Electronic supplementary material
The online version of this article (doi:10.1186/s13071-016-1720-1) contains supplementary material, which is available to authorized users.
Keywords: West Nile Virus, Culex spp., Ensemble Prediction Model
Background
West Nile Virus (WNV), first introduced in North America in New York during 1999, quickly spread across the United States. Each year, human WNV cases peak during mid to late summer. Most infections are asymptomatic (~80 %); however, some result in flu-like symptoms (~20 %) and in rare cases people suffer neuroinvasive disease (< 1 %). More troubling and less understood are the links between acute WNV and chronic morbidity [1]. In the United States (US) there have been 18,810 cases of neuroinvasive disease (1641 deaths) and 22,952 cases of non-neuroinvasive disease (124 deaths) reported since 1999 [2]. More recently, cases of WNV neuroinvasive disease spiked during 2012 to numbers not observed since 2003, suggesting that WNV outbreaks will continue to be a problem in the US [2, 3]. Presently, there is no vaccine for WNV, so reduction of human-vector contact through mosquito control and behavioral measures remains the main means of preventing WNV transmission.
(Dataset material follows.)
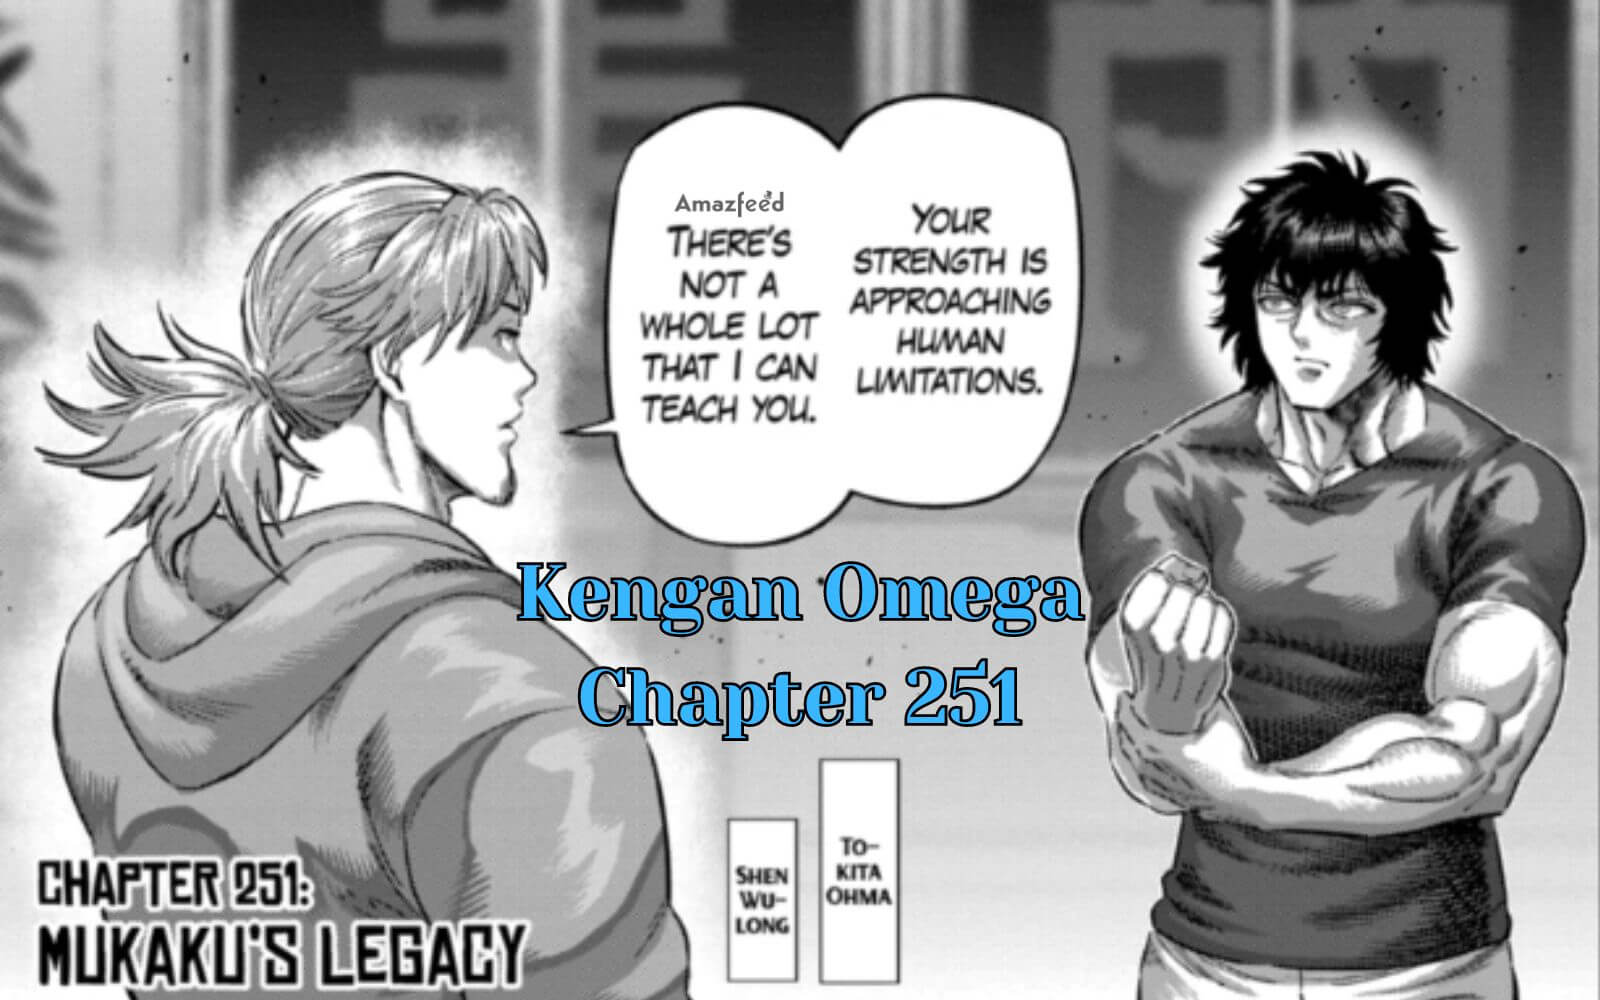 Kengan Omega Chapter 251 Spoiler Alert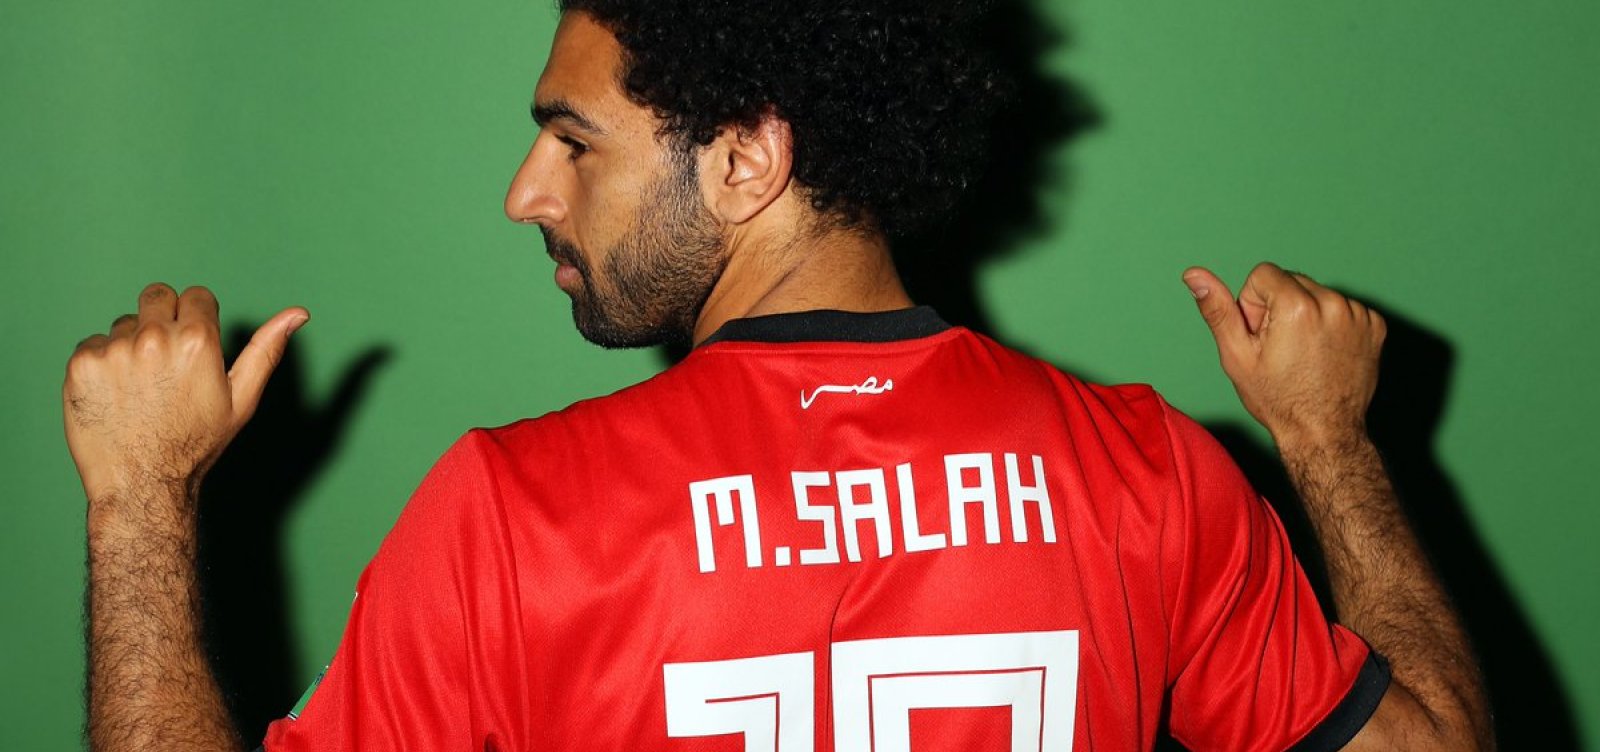 Colombiano preparou Salah para estar entre os melhores do mundo -  24/12/2021 - Esporte - Folha

WNV in the US is maintained by an enzootic cycle driven by virus transmission between avian reservoir hosts and bird-biting mosquito vectors. To date, 65 mosquito species have been found infected with WNV in the US [4]; however, only a few of these species are likely important in the transmission of WNV. In the northeastern US, Culex pipiens and Culex restuans are the suspected enzootic vectors while Culex pipiens and Culex salinarius are the main epidemic vectors [5, 6]; however, the critical vector(s) may change over a season and may not be fully enumerated [6].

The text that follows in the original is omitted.